Data for this task:
------------------------

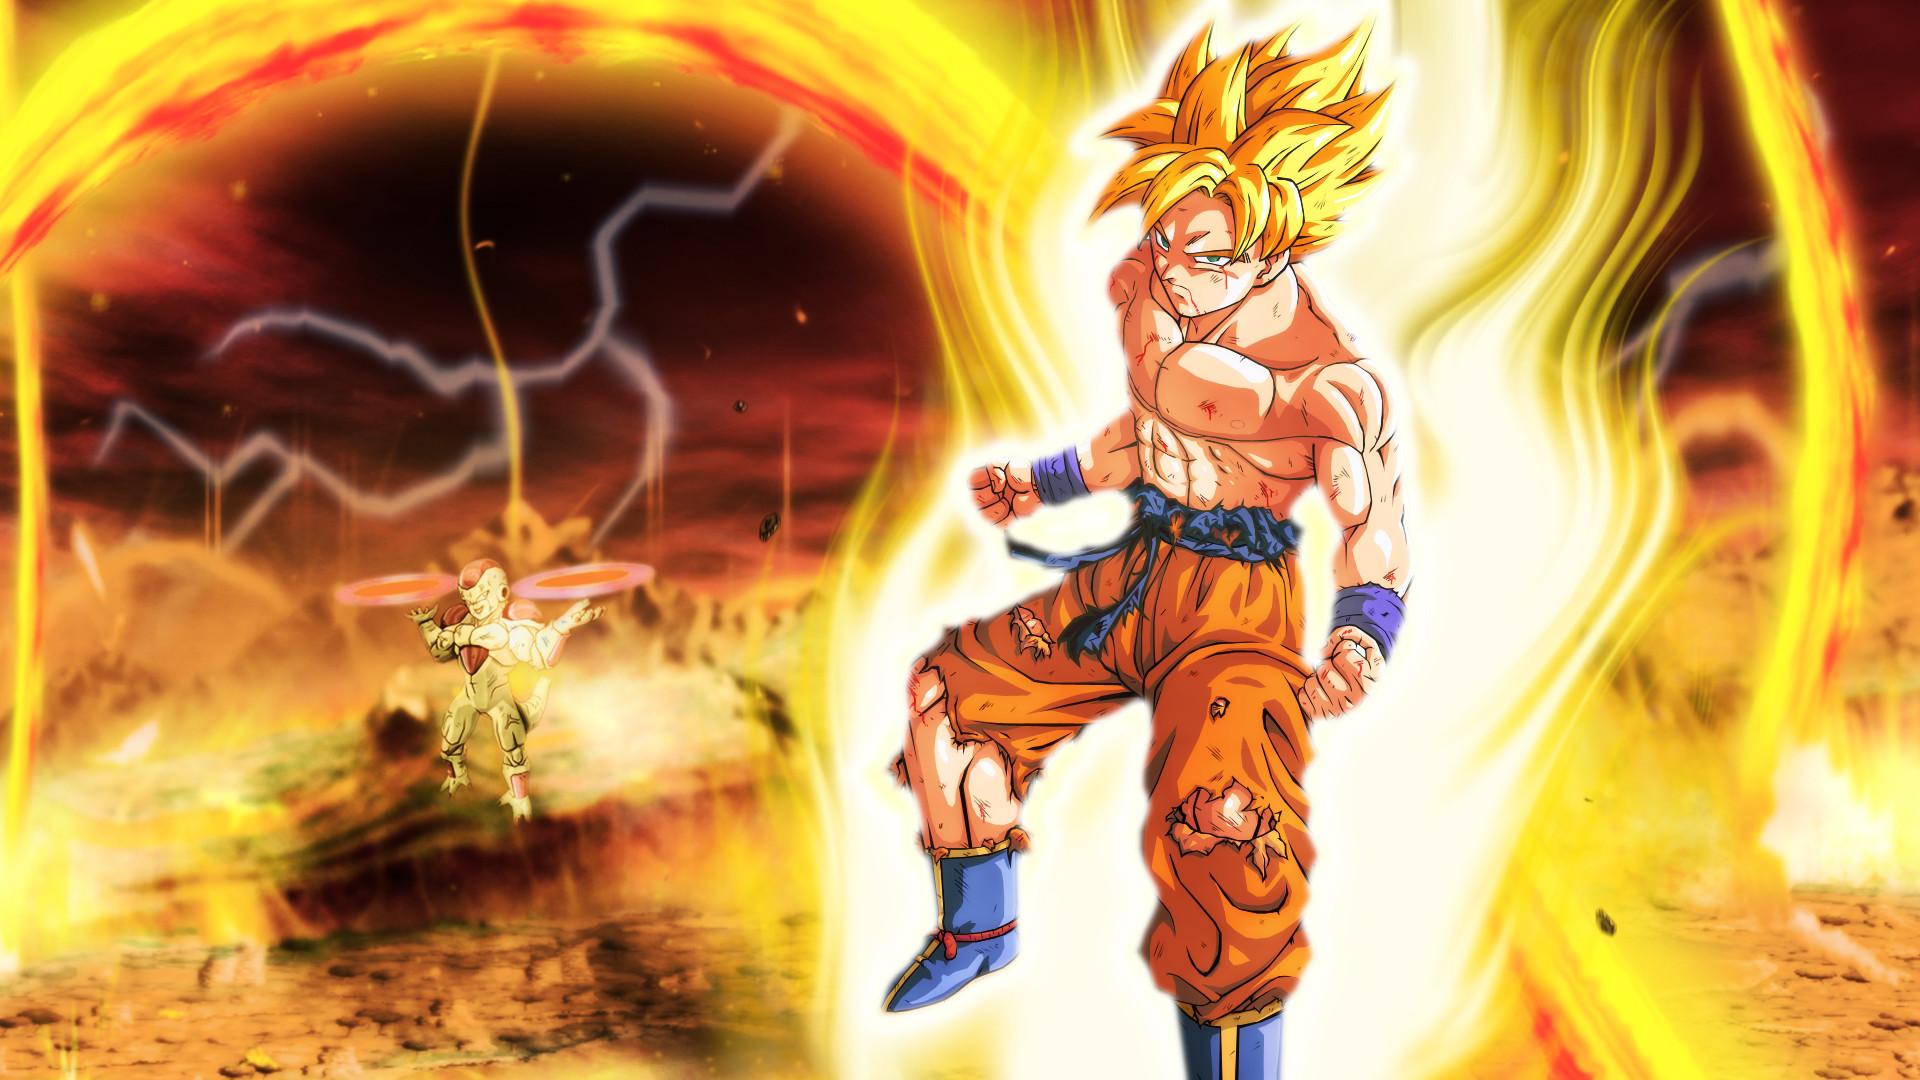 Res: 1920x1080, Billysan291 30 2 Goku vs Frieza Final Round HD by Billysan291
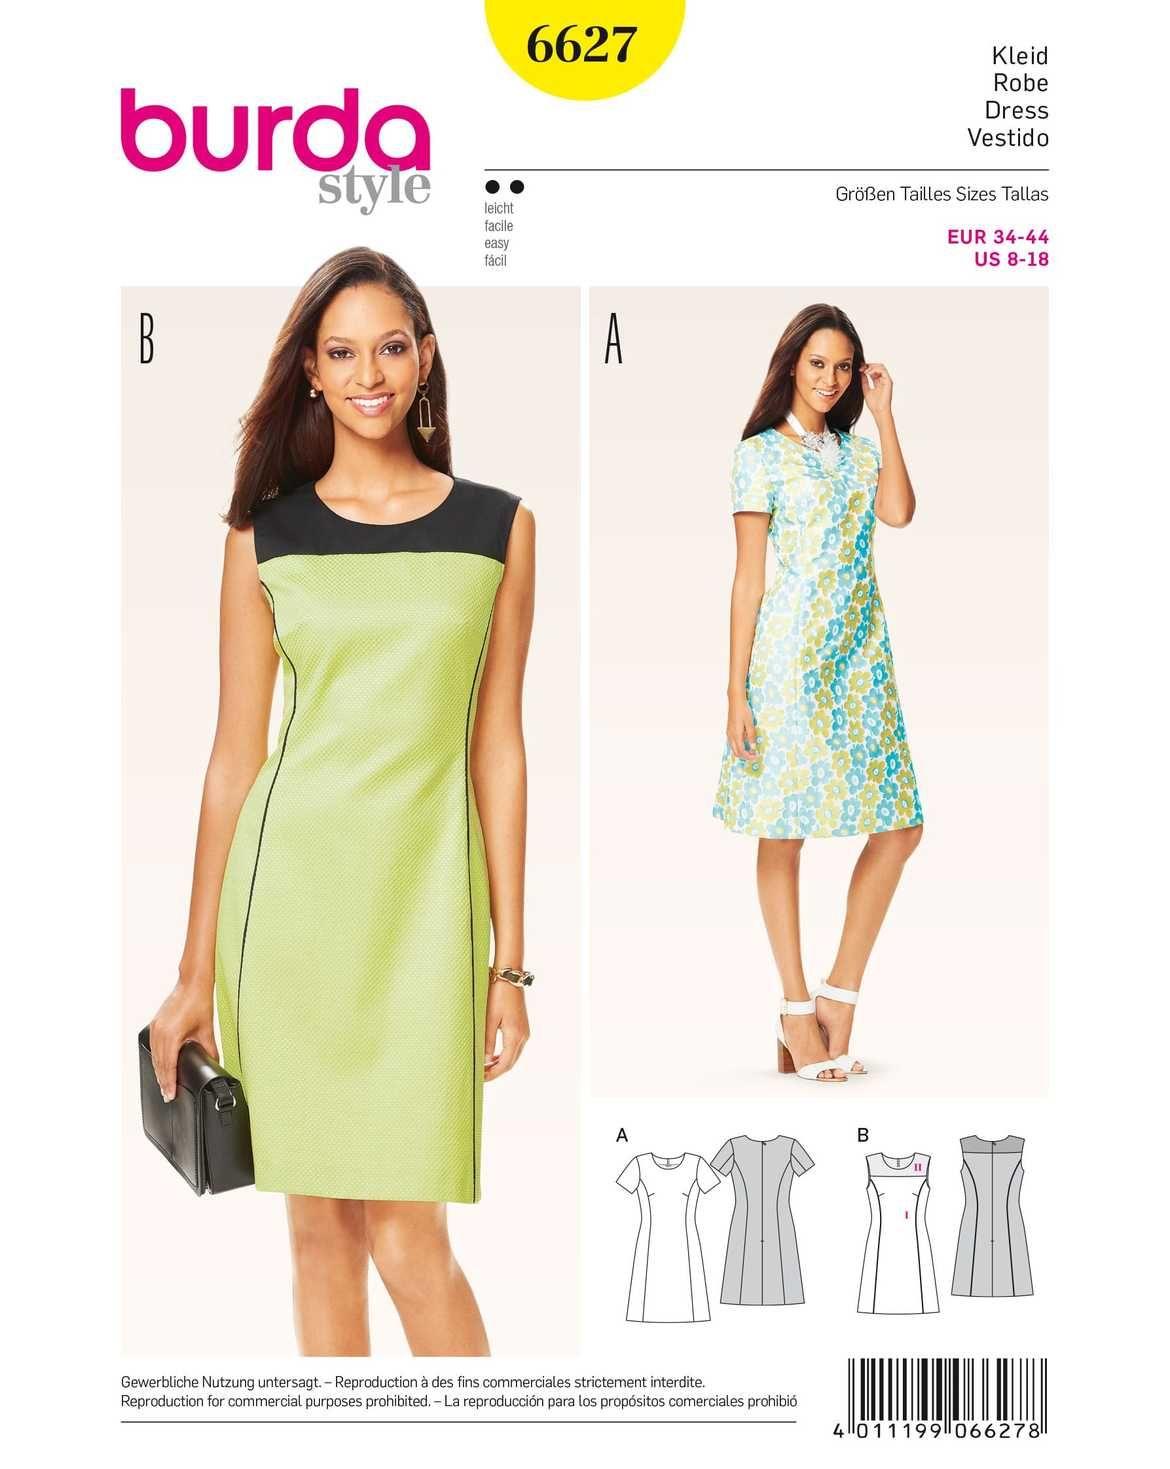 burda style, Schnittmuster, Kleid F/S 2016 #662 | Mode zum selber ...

------------------------

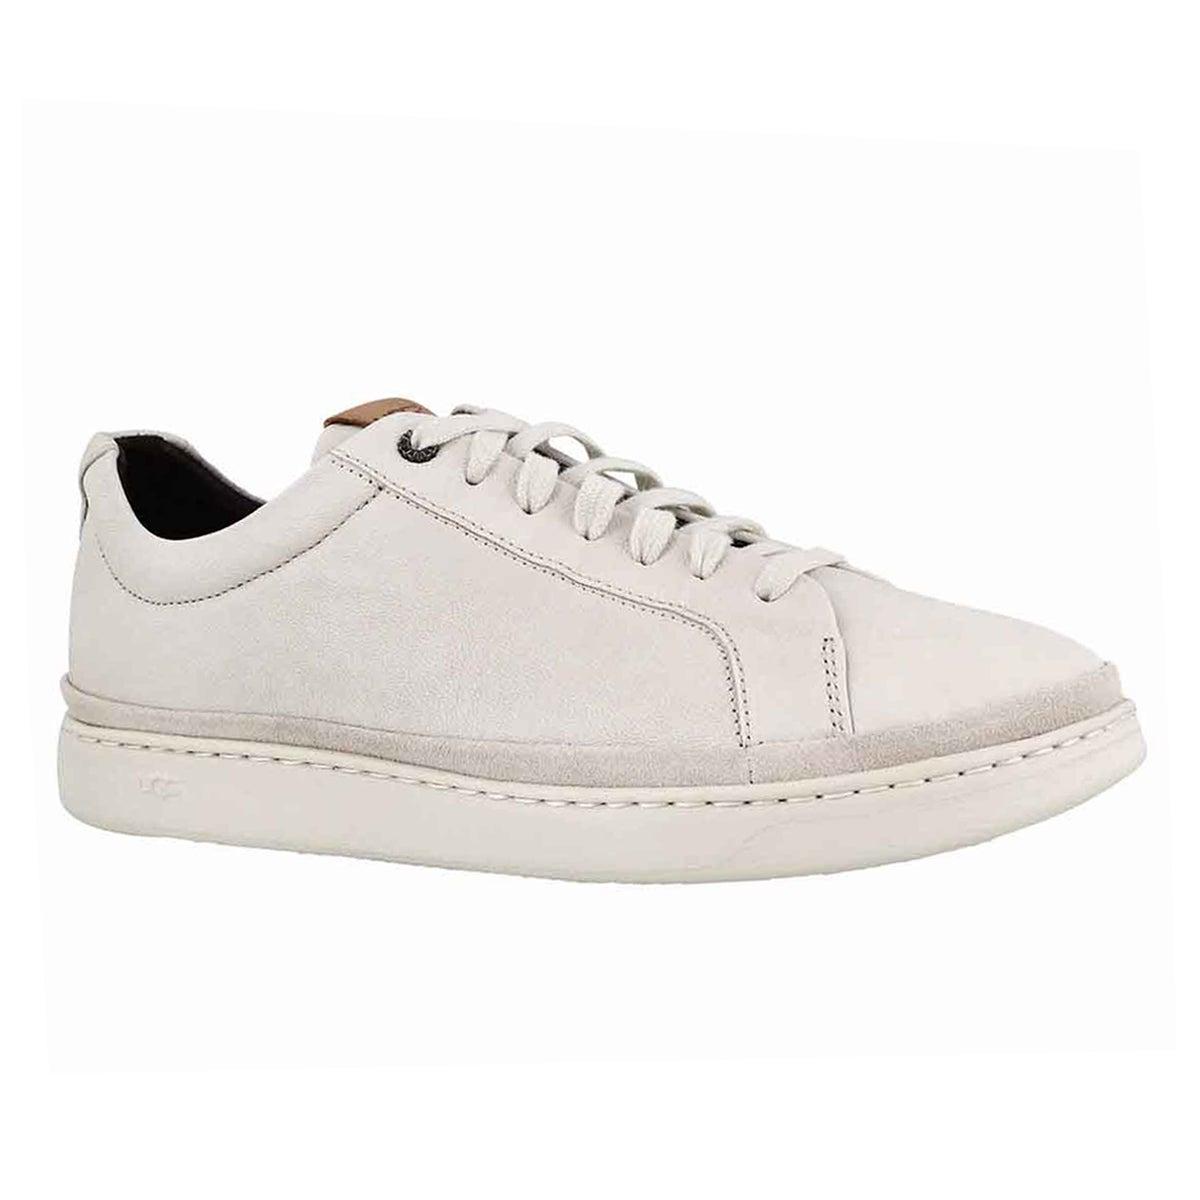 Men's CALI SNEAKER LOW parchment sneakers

------------------------

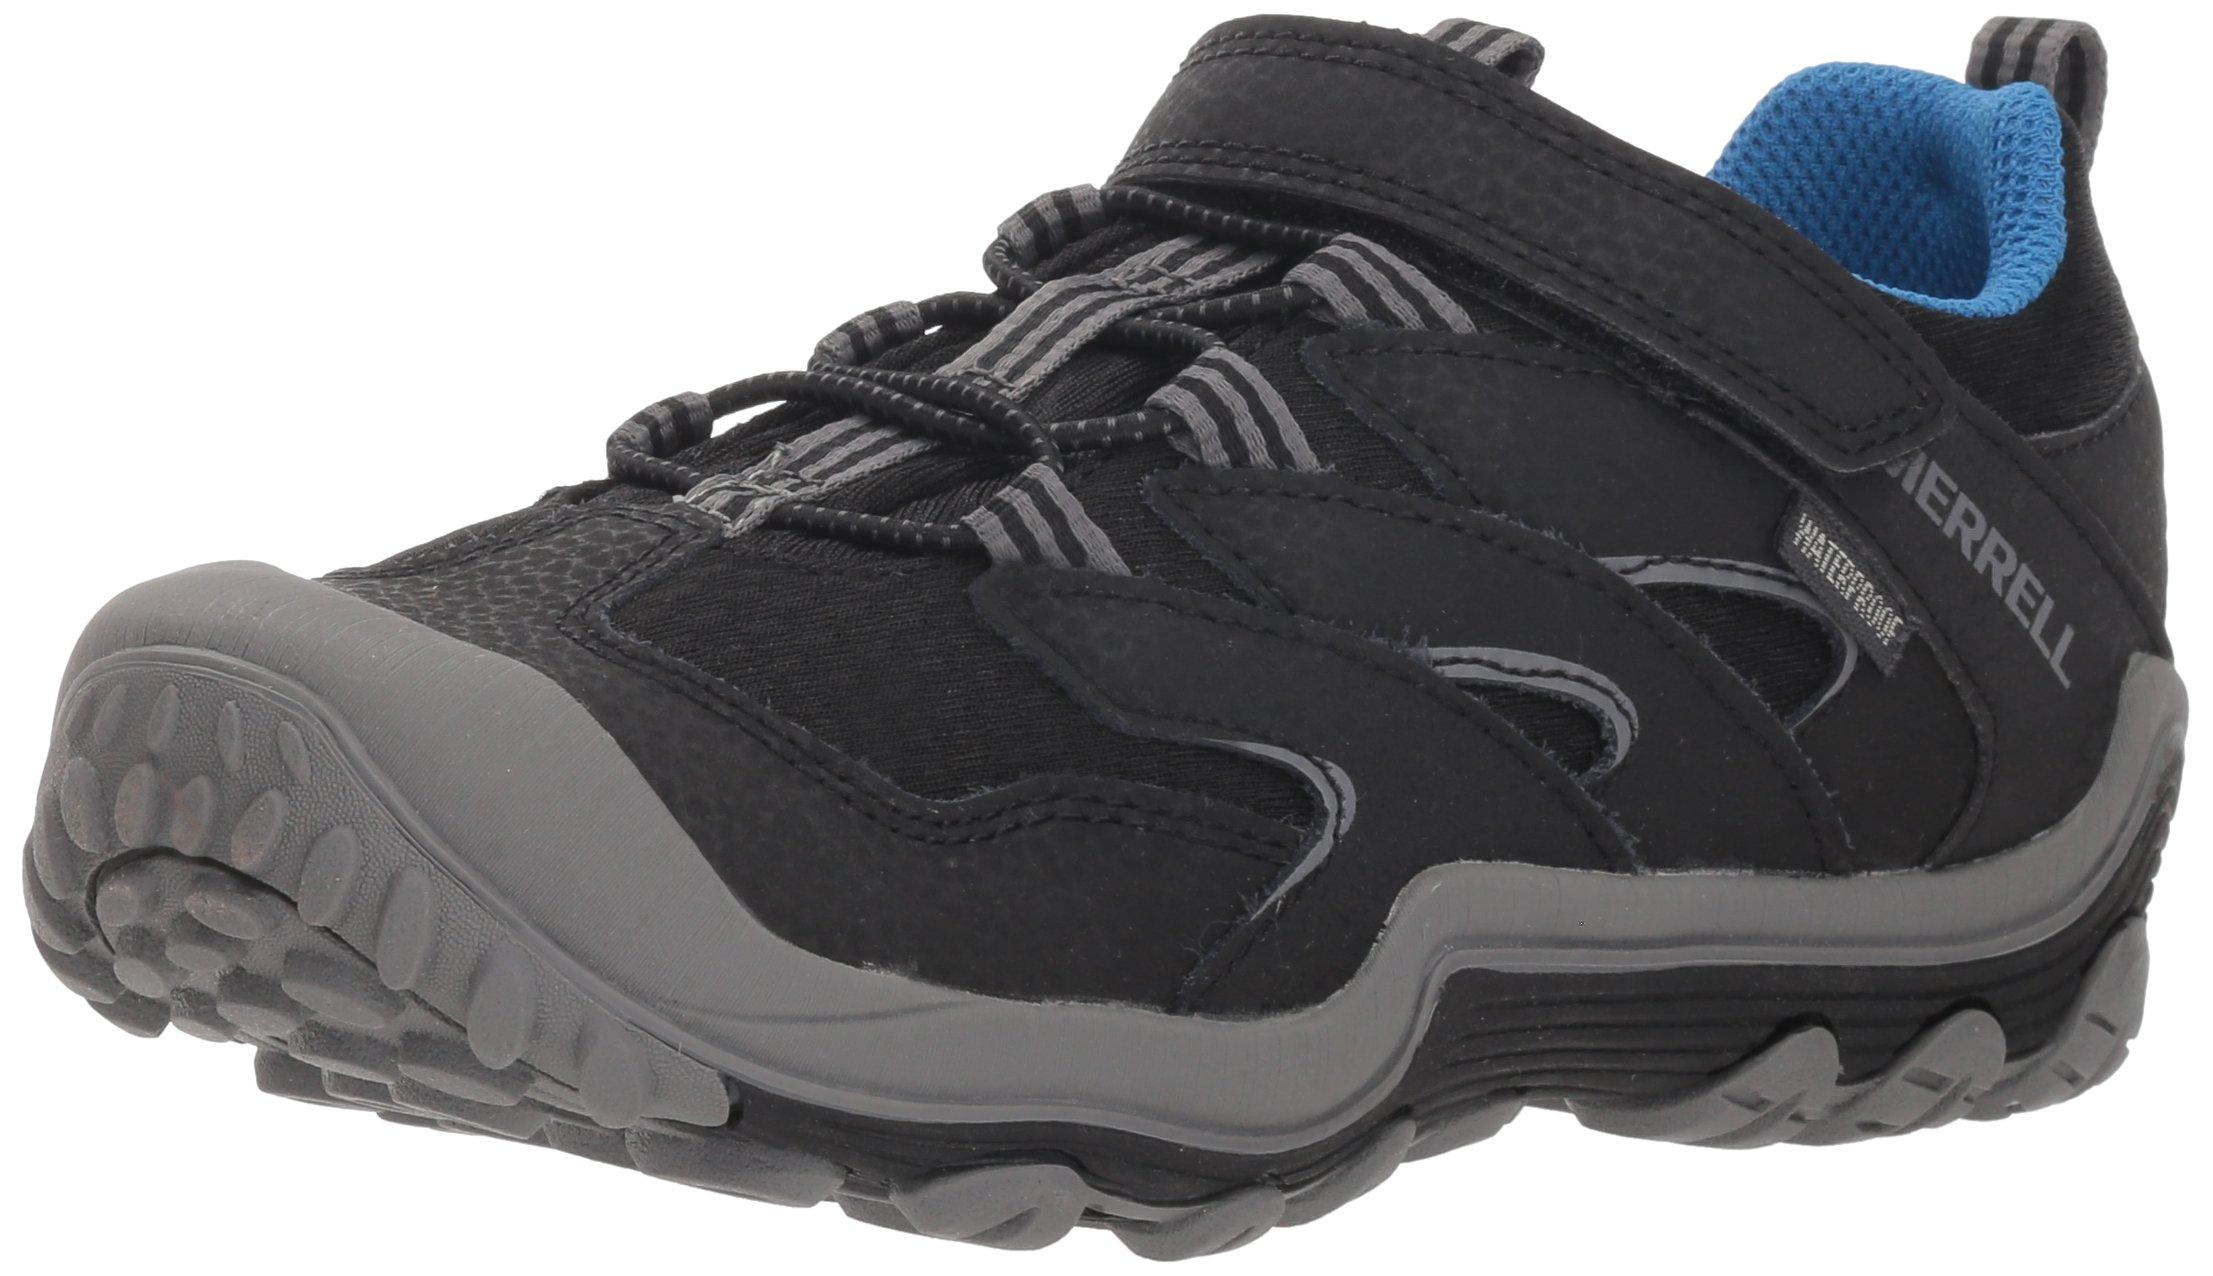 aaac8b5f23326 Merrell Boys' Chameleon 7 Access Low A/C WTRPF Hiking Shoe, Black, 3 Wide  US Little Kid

------------------------

Task details:
Return only the stretch above from the line containing "Res: 1920x1080, Billysan291" through the line containing "burda style, Schnittmuster, Kleid", word for word and without pictures.

Exercise output:
 Res: 1920x1080, Billysan291 30 2 Goku vs Frieza Final Round HD by Billysan291
 burda style, Schnittmuster, Kleid F/S 2016 #662 | Mode zum selber ...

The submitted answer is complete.